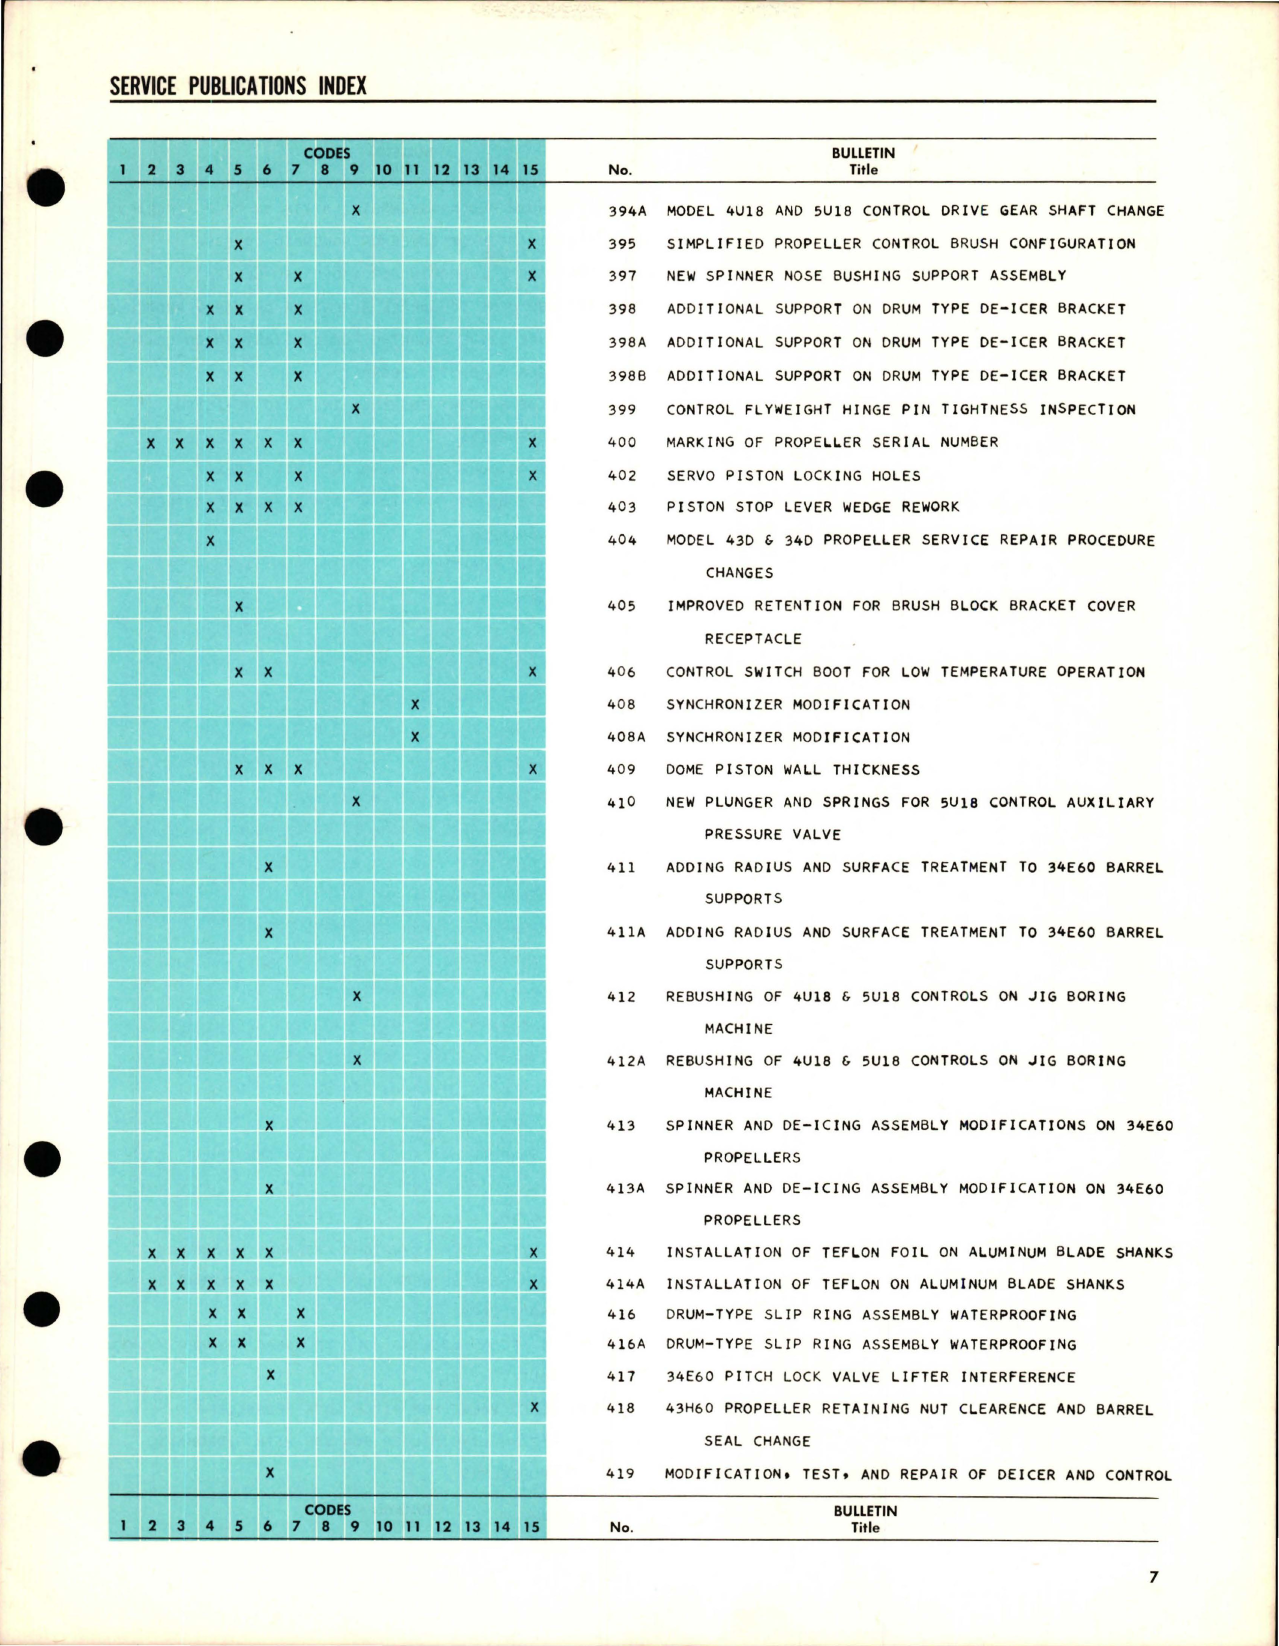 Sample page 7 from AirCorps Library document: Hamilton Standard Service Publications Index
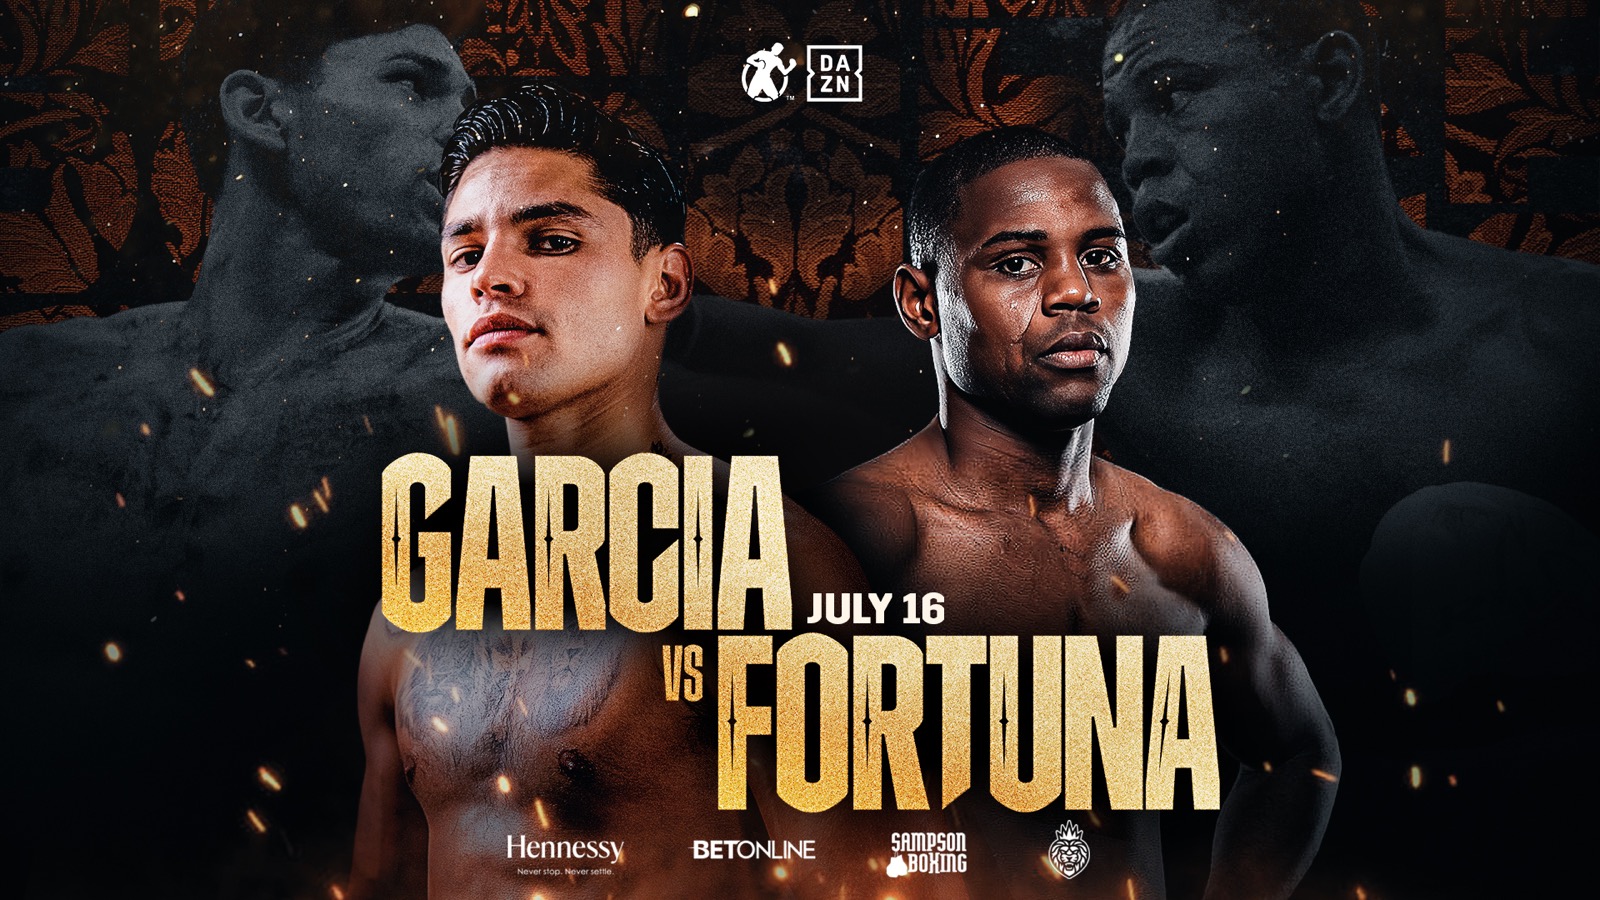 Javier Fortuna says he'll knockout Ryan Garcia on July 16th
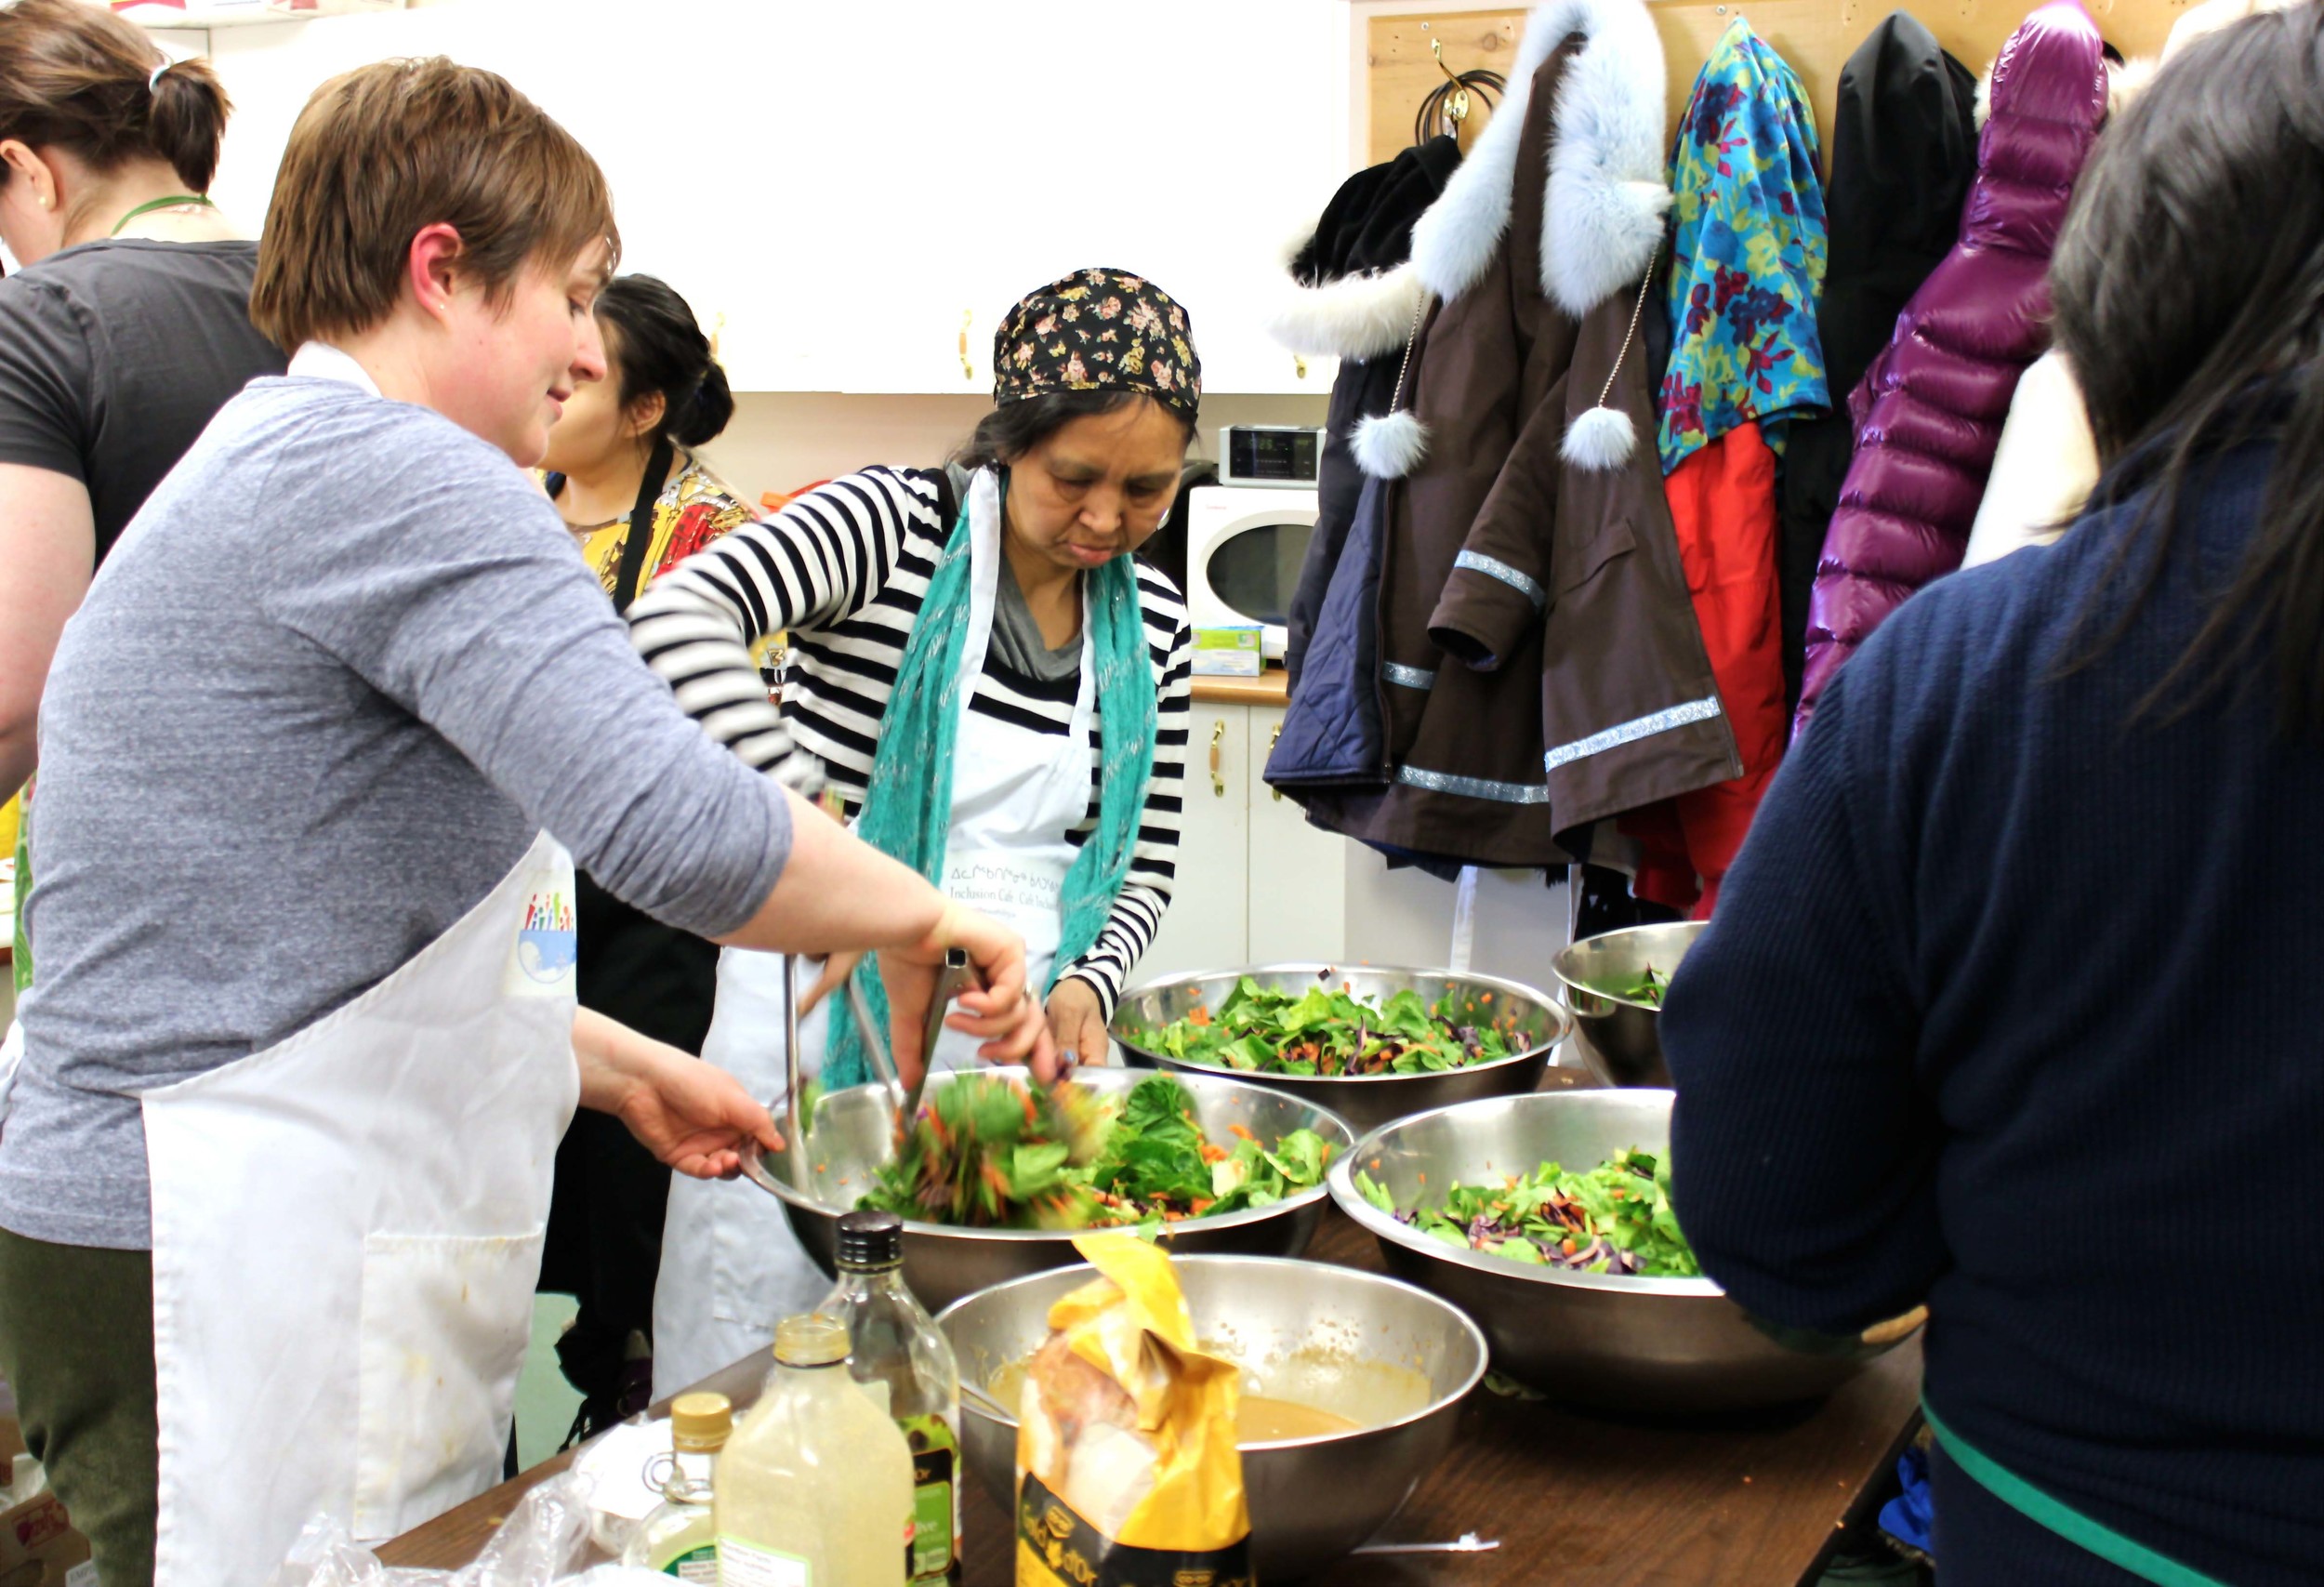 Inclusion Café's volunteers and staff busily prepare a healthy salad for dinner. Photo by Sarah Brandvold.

#### WORK REQUIRED
Write the material out again exactly. Skip each picture.

#### YOUR SOLUTION
 Sample page 7 from AirCorps Library document: Hamilton Standard Service Publications Index
 Javier Fortuna says he'll knockout Ryan Garcia on July 16th
 Inclusion Café's volunteers and staff busily prepare a healthy salad for dinner. Photo by Sarah Brandvold.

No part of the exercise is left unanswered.